§ **Data extract**:
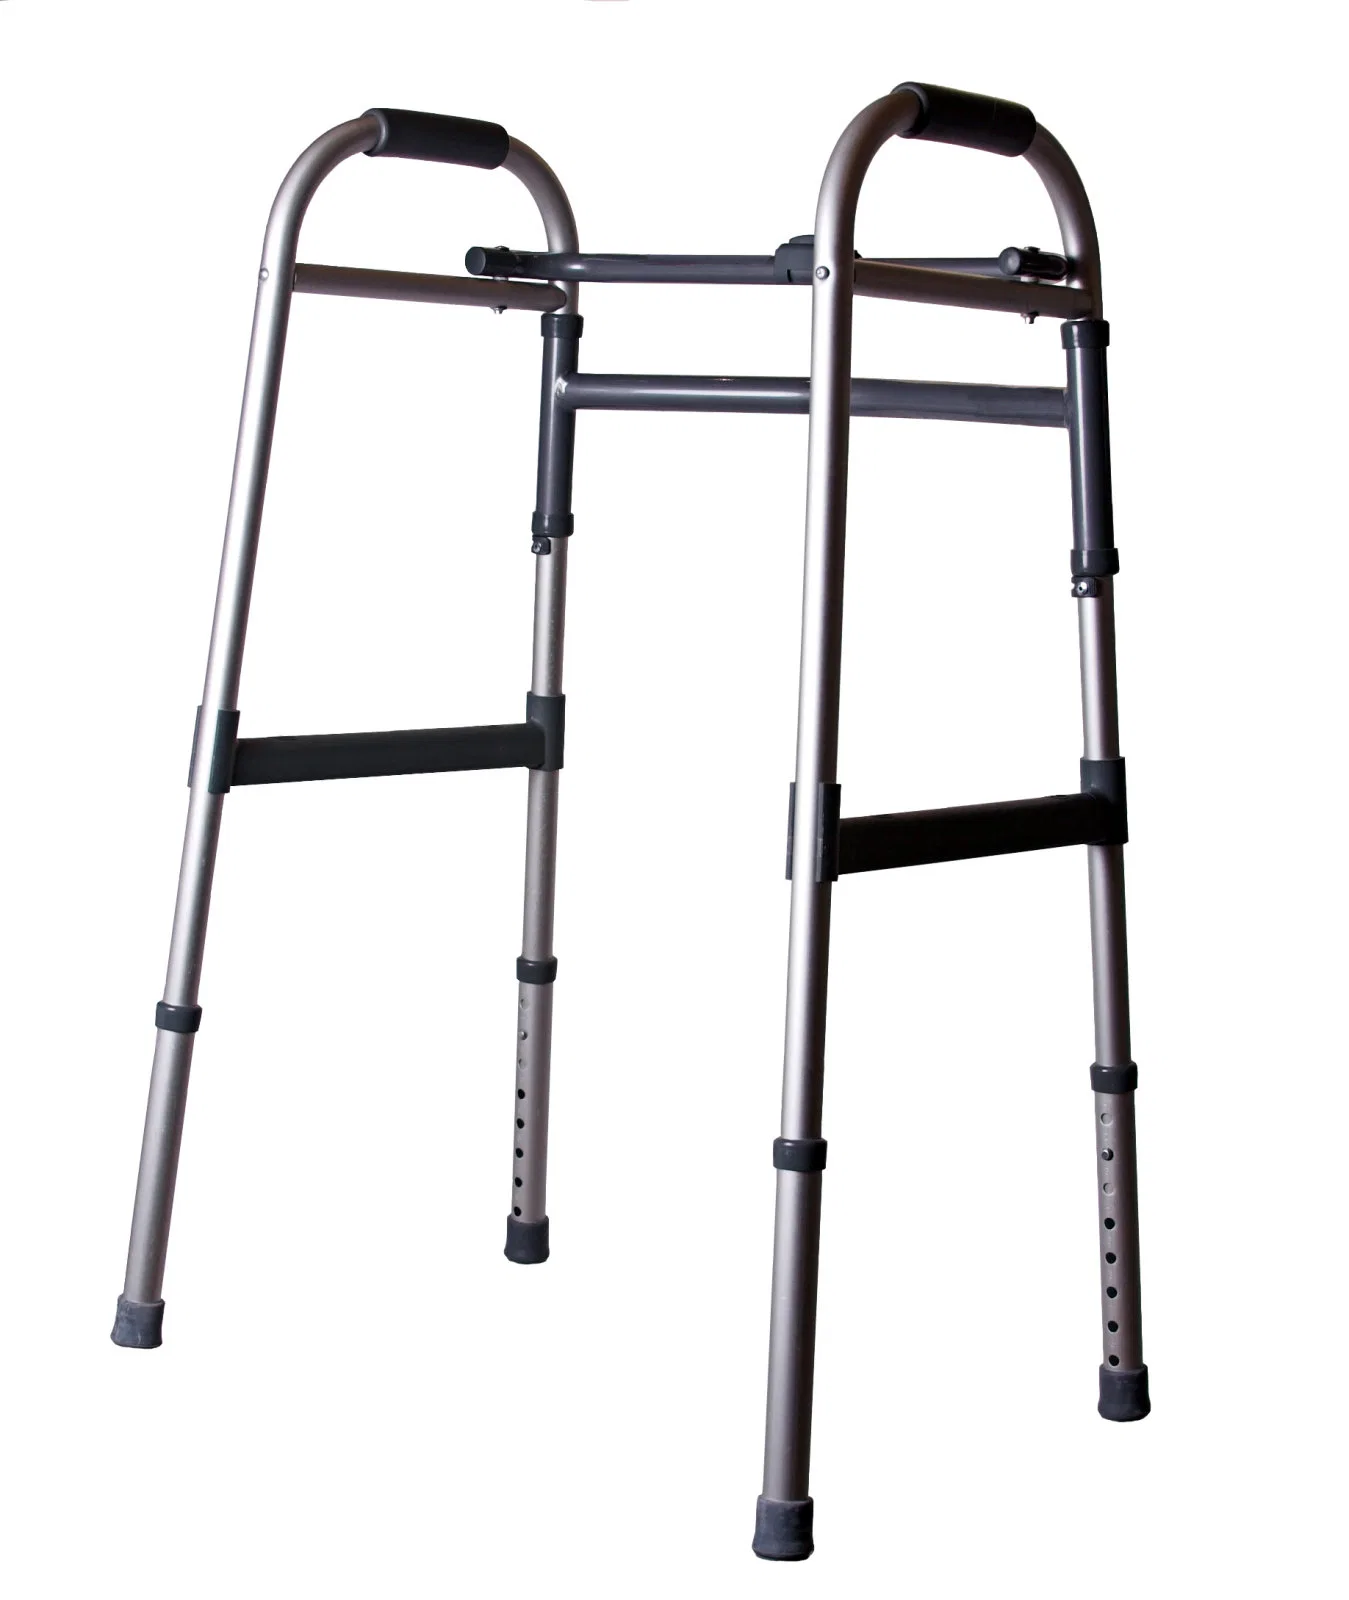 Многофункциональная алюминиевая тележка Walker кресло-коляска Walker Shopping Cart
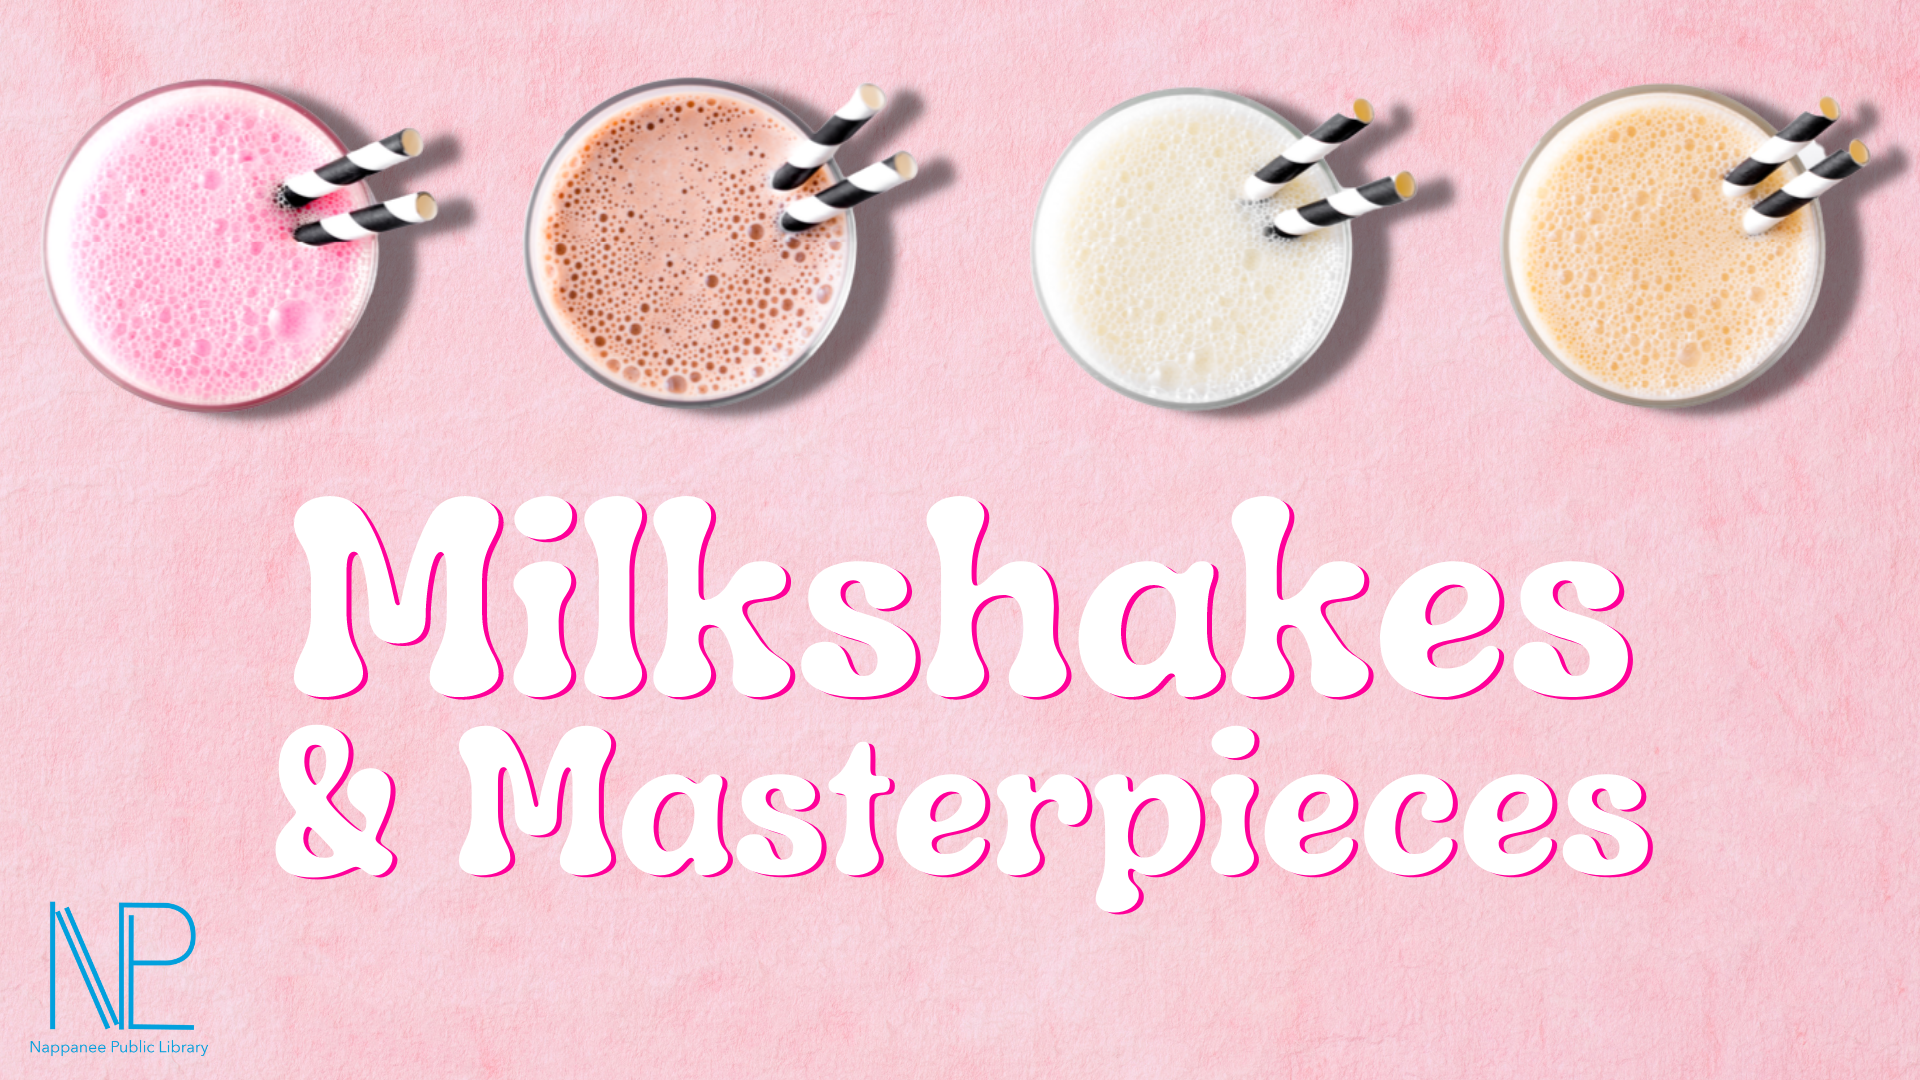 Milkshakes
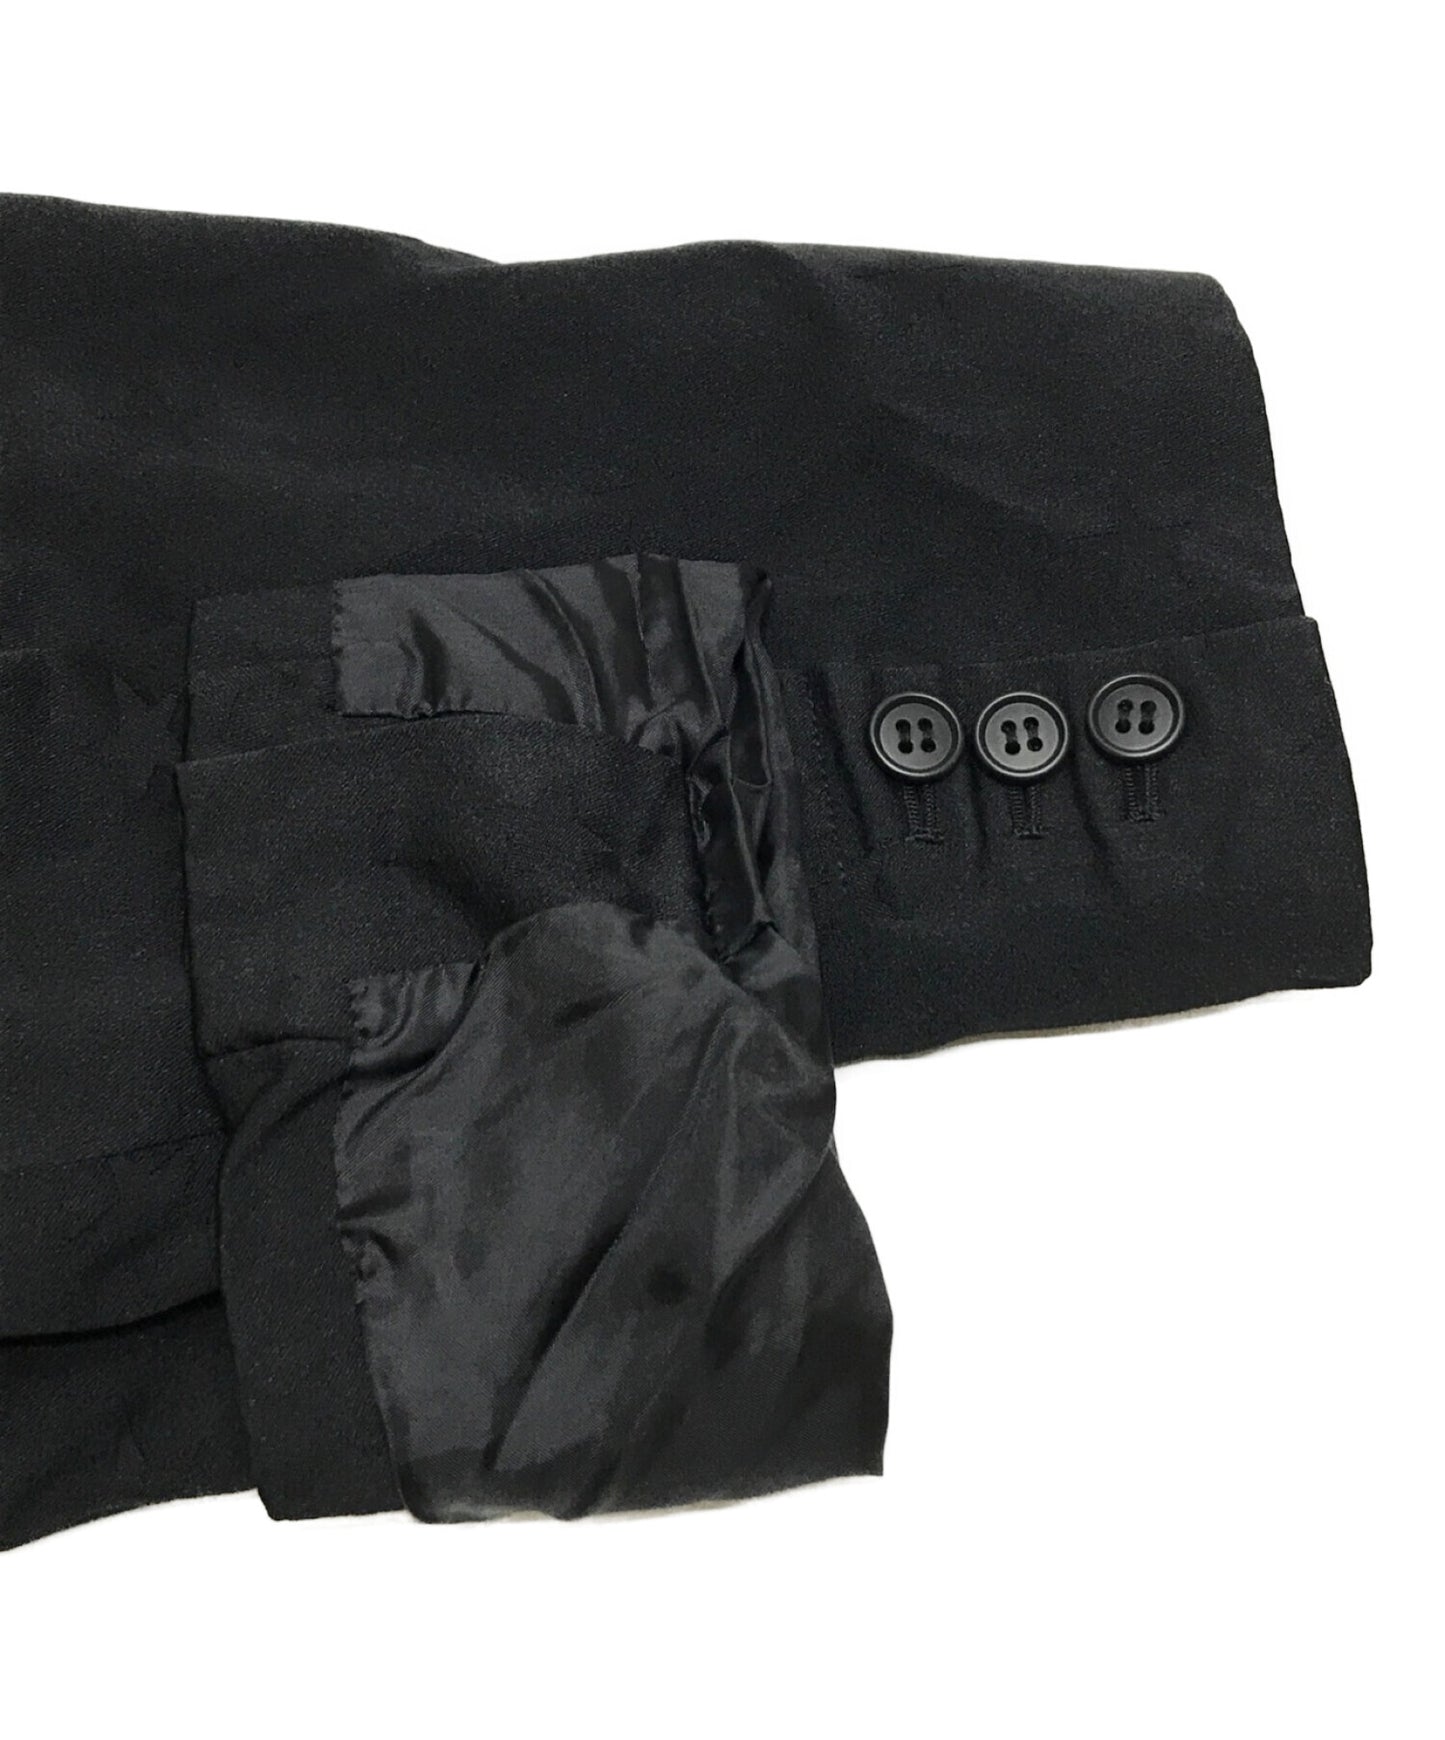 Black Comme des Garcons Poly Shrunken Star 3b Jacket Long 1q-J016

§ **Requirement**: Repeat the data exactly in full, omitting its pictures.

§ **Response to this task**:
 Многофункциональная алюминиевая тележка Walker кресло-коляска Walker Shopping Cart
 Milkshakes
 Black Comme des Garcons Poly Shrunken Star 3b Jacket Long 1q-J016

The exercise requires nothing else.